**Given information**
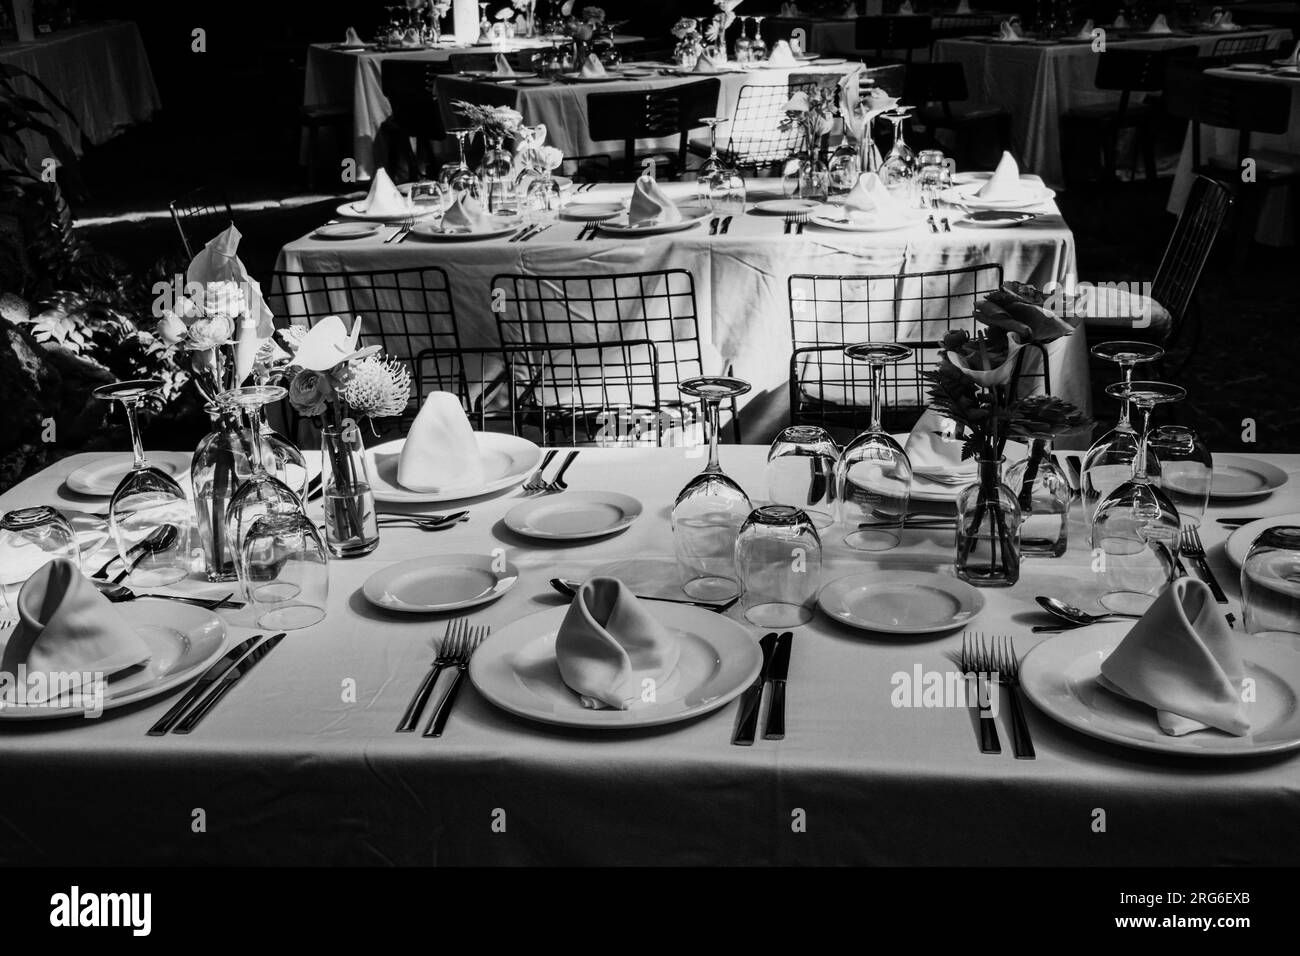 Wunderschön angelegte Tische mit Gläsern, Besteck und Geschirr für eine große Feier vorbereitet. Schwarzweißfotografie. Stockfoto
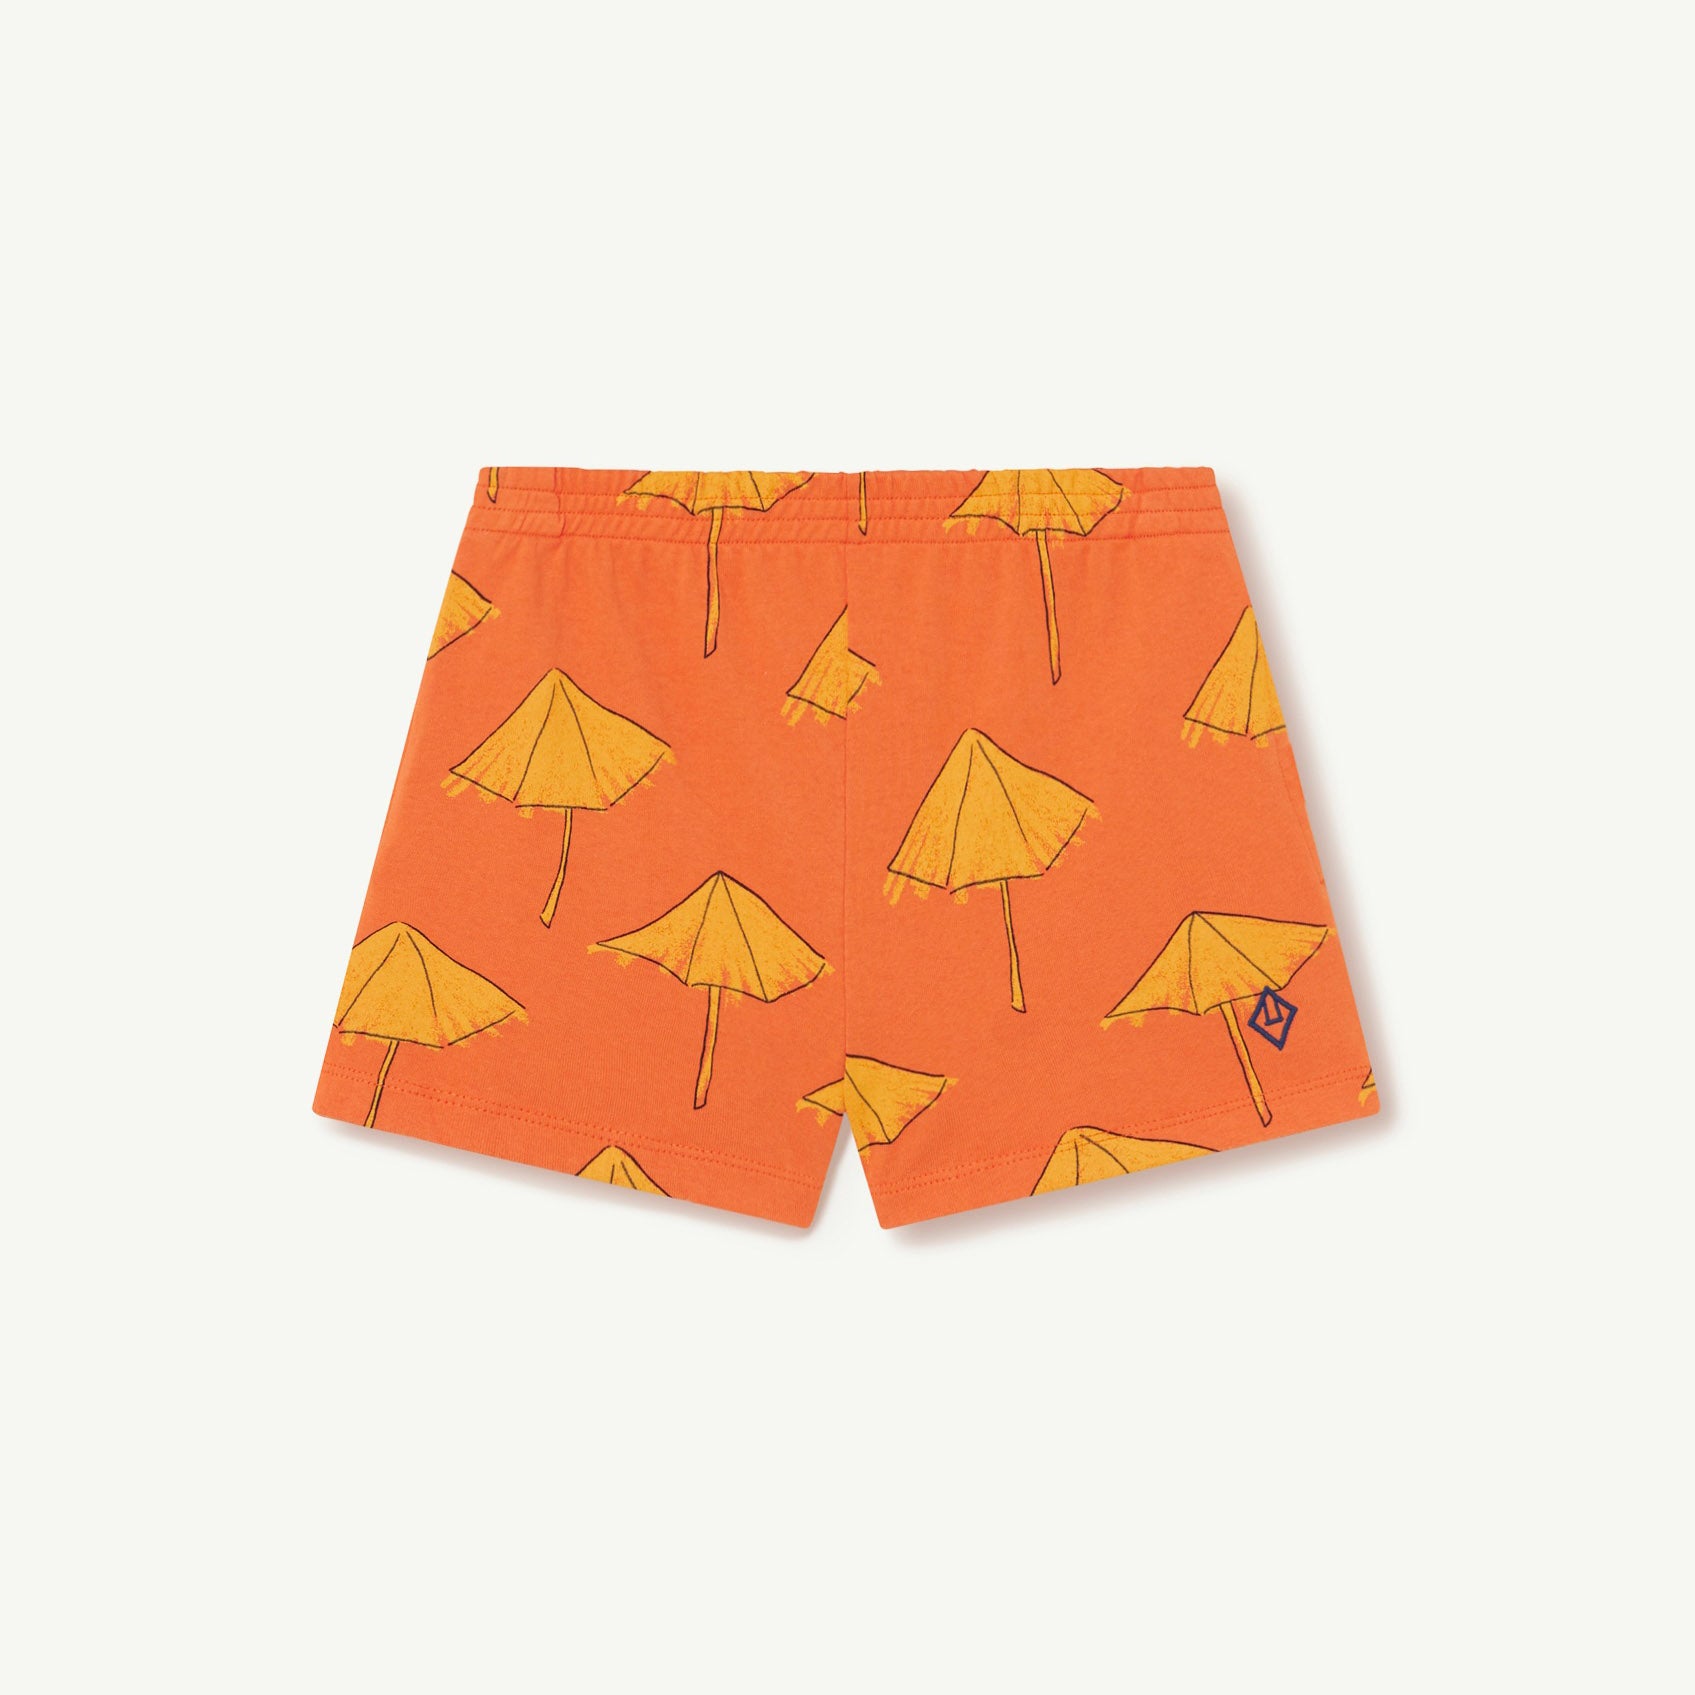 Boys & Girls Orange Printed Cotton Shorts
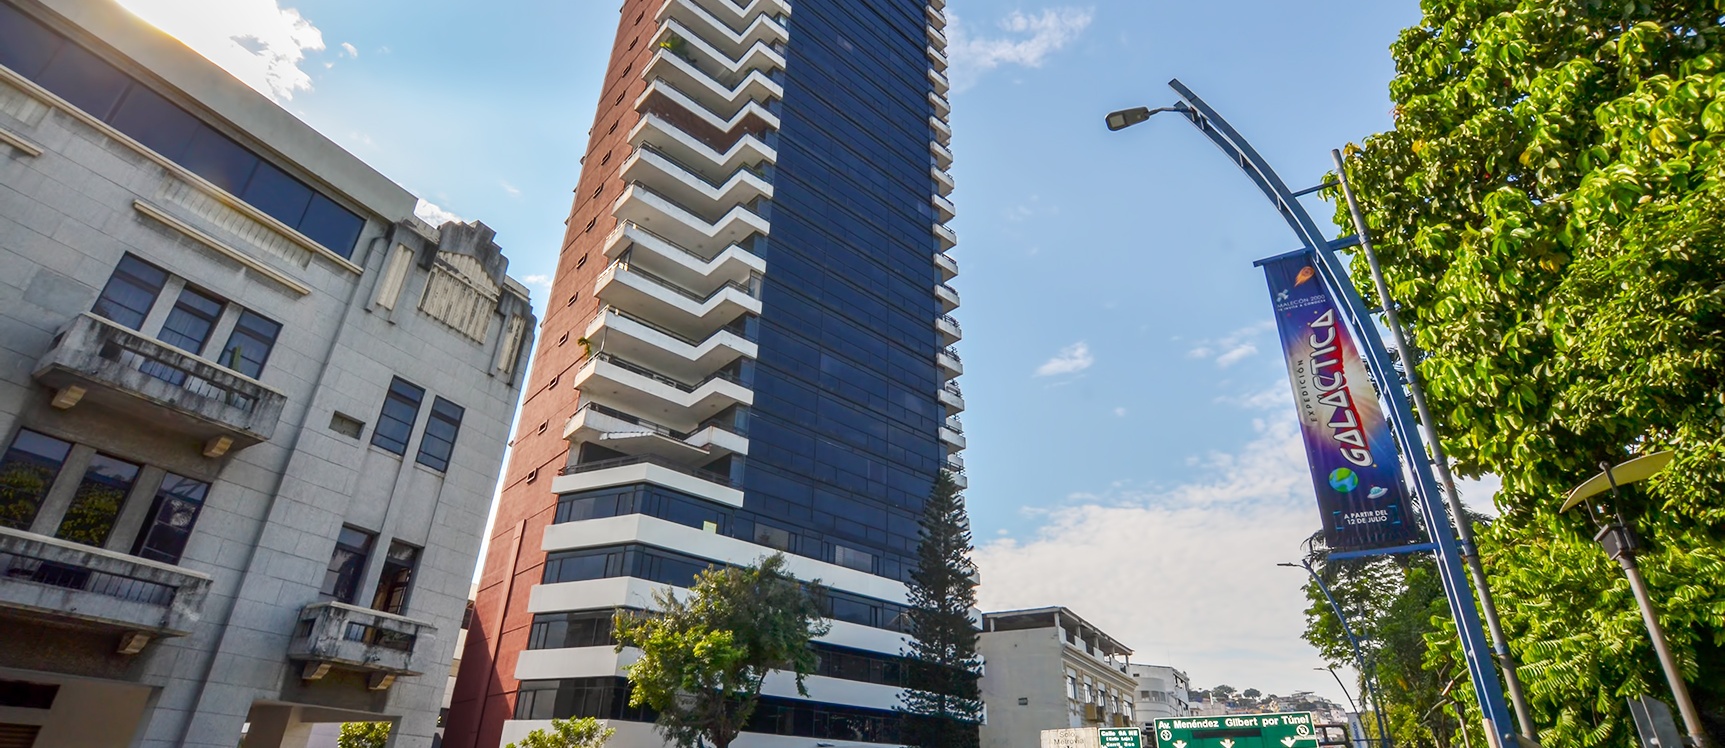 GeoBienes - Departamento en alquiler en El Fortín sector centro de Guayaquil - Plusvalia Guayaquil Casas de venta y alquiler Inmobiliaria Ecuador

**Aim of the task**
Transcribe, word for word, only the material from its opening line through the line containing "Boys & Girls Orange Printed Cotton Shorts", both ends included, and omit the pictures.

**Written response**
 Wunderschön angelegte Tische mit Gläsern, Besteck und Geschirr für eine große Feier vorbereitet. Schwarzweißfotografie. Stockfoto
 Boys & Girls Orange Printed Cotton Shorts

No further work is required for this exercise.